■ **SUPPLIED MATERIAL**:
________

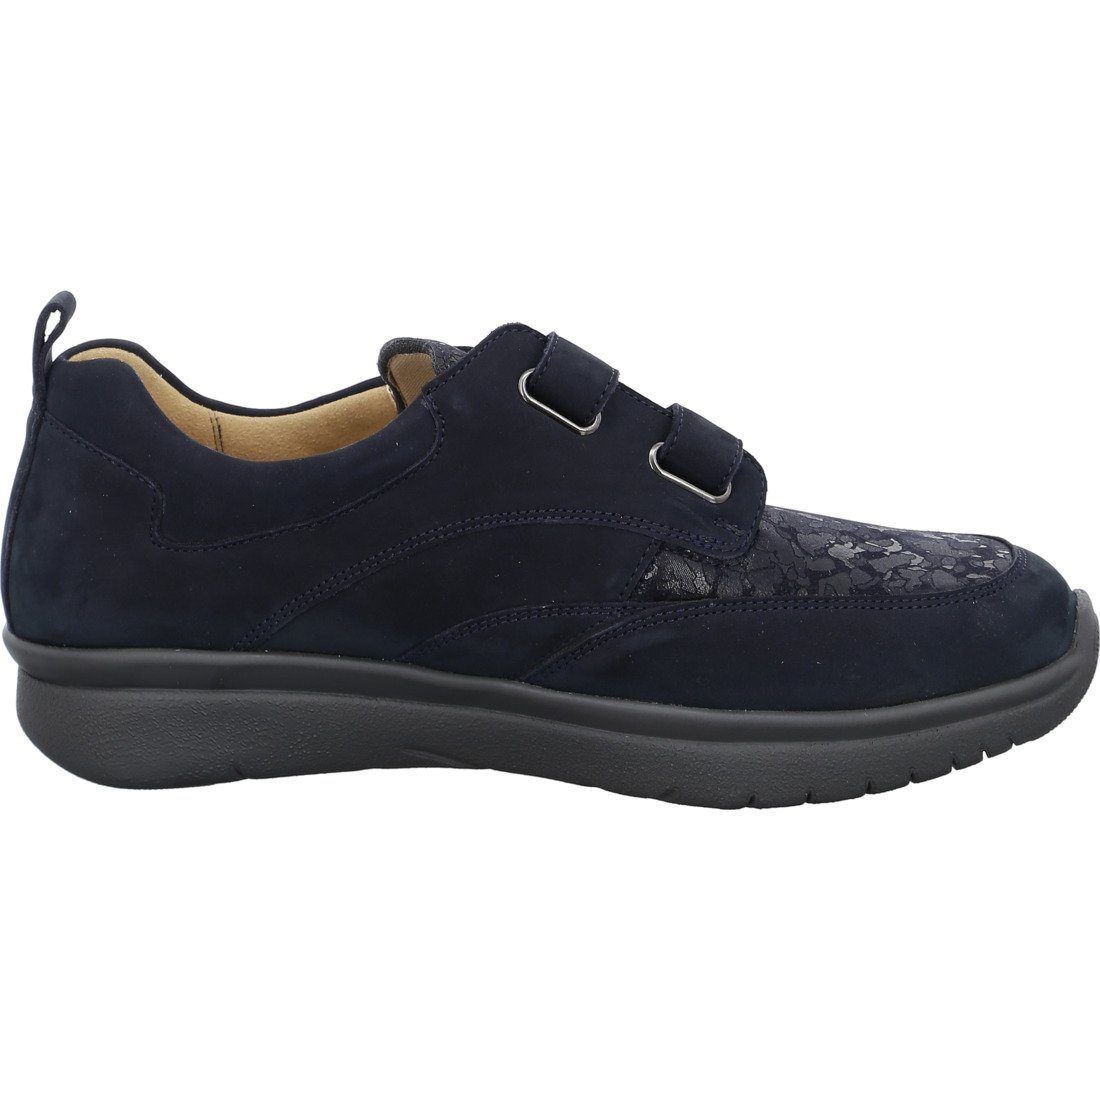 Ganter Ganter Schuhe, 050509 blau Leder Slipper Damen - Kira Slipper
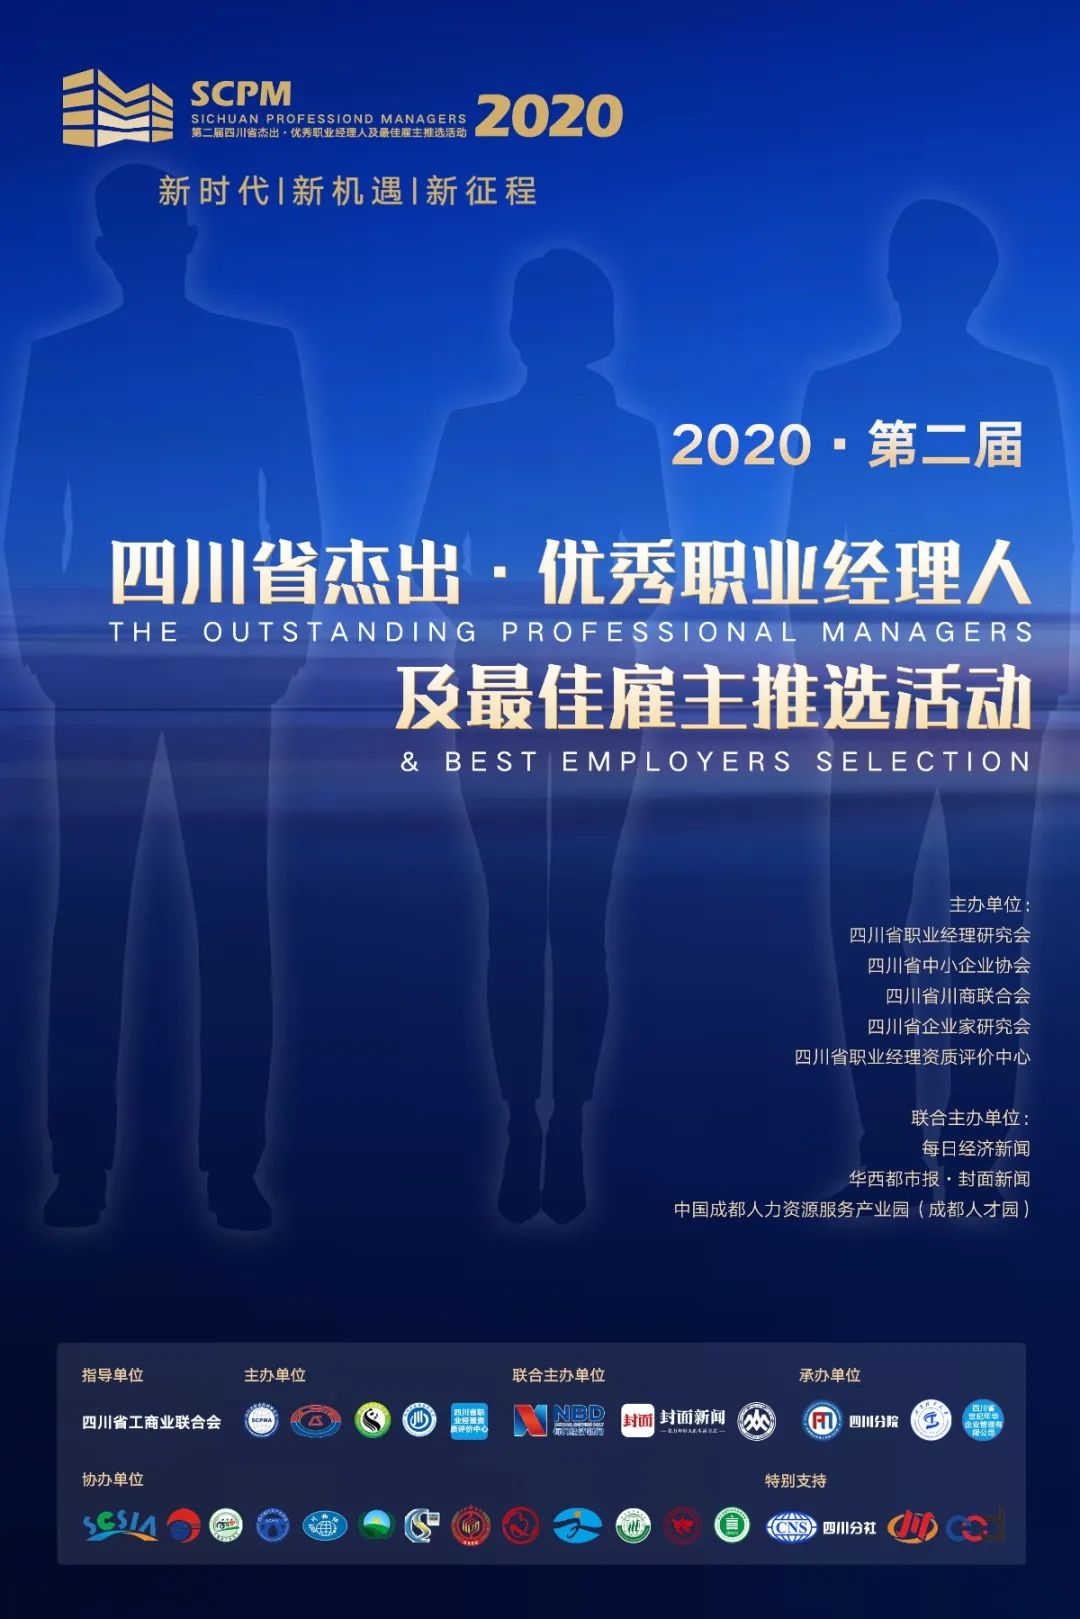 四川省杰出·优秀职业经理人及最佳雇主评选活动获奖名单公布啦
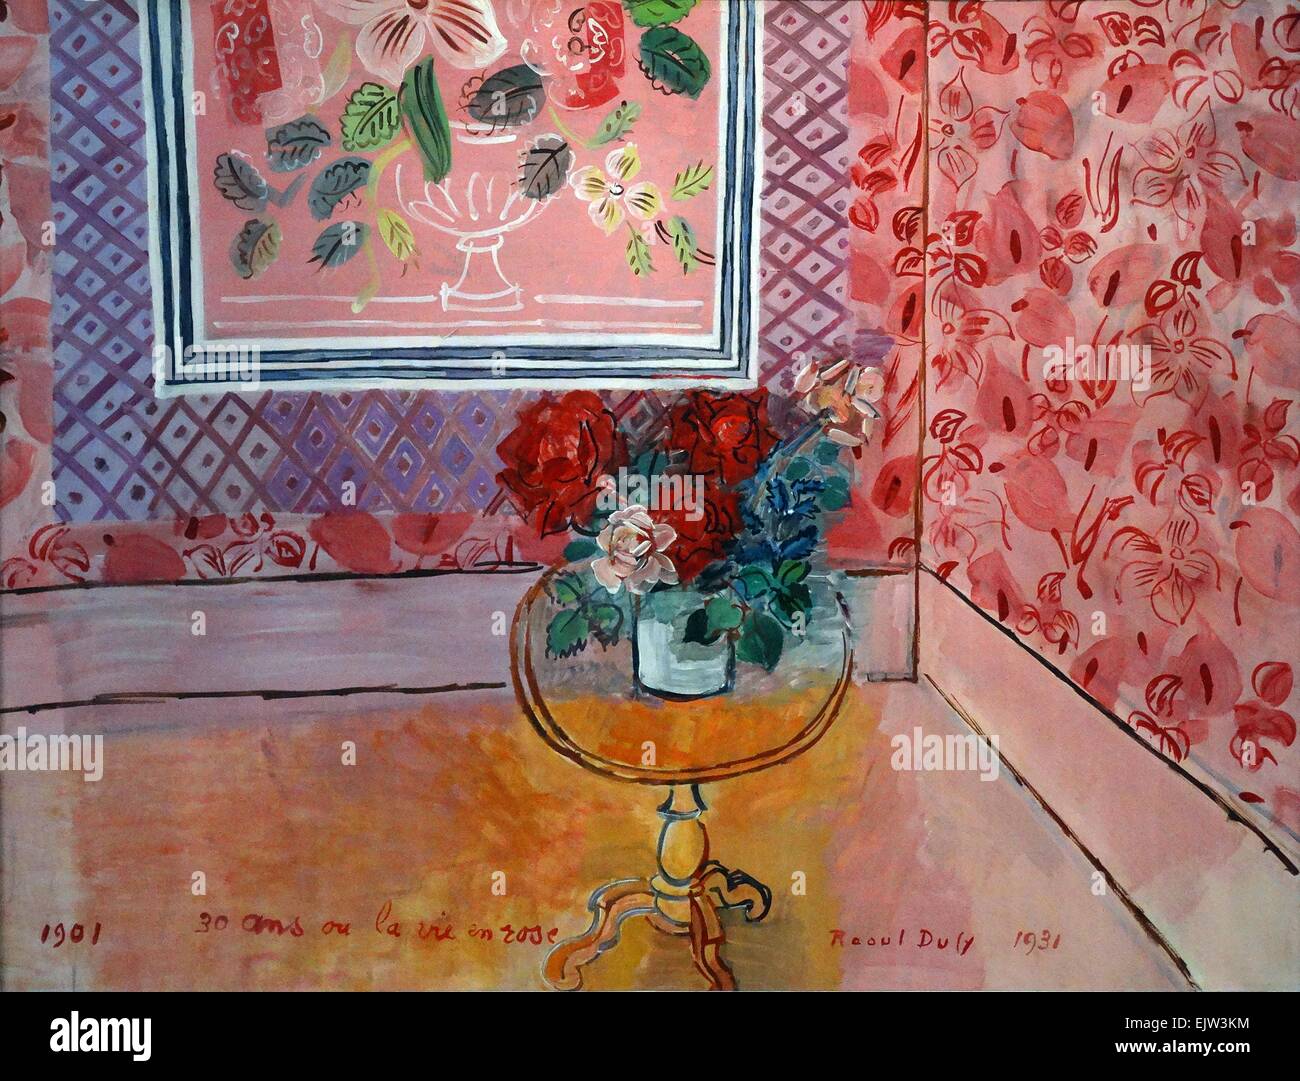 Trente Ans Ou La Vie En rose von Raoul Dufy (1877-1953). Öl auf Leinwand, 1931. Dufy war ein französischer fauvistischen Maler, der einen farbenfrohen, dekorativen Stil entwickelt, der schnell in Mode kam. Stockfoto
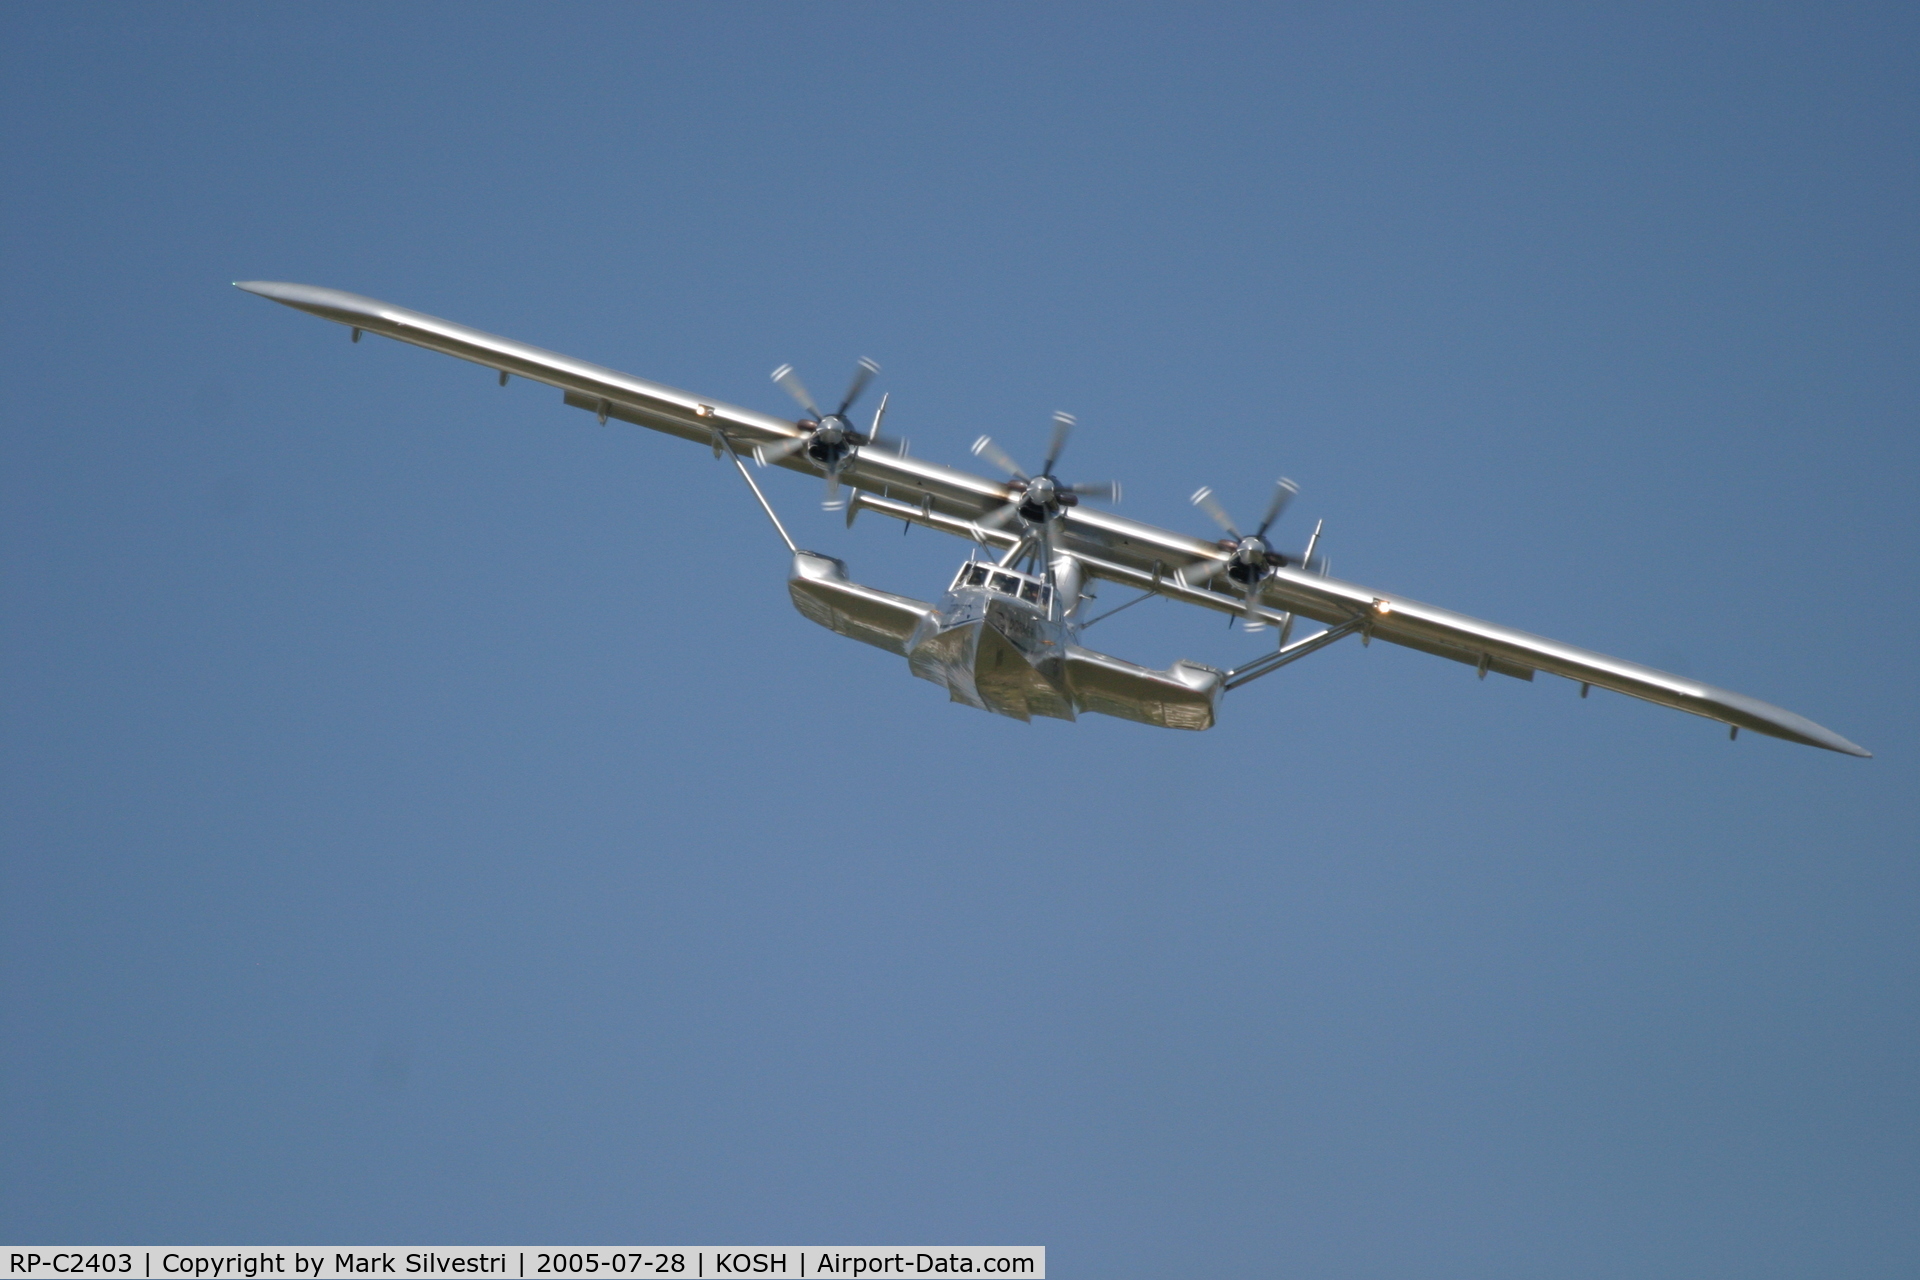 RP-C2403, 2000 Dornier Do-24ATT C/N 5345, Oshkosh 2005

________

■ **TASK**: Return only the lines running from the top of the data to the line that holds "Trente Ans Ou". Include both of those lines, but skip the pictures.

■ **ANSWER TO THE PROBLEM**:
 Ganter Ganter Schuhe, 050509 blau Leder Slipper Damen - Kira Slipper
 四川省杰出·优秀职业经理人及最佳雇主评选活动获奖名单公布啦
 Trente Ans Ou La Vie En rose von Raoul Dufy (1877-1953). Öl auf Leinwand, 1931. Dufy war ein französischer fauvistischen Maler, der einen farbenfrohen, dekorativen Stil entwickelt, der schnell in Mode kam. Stockfoto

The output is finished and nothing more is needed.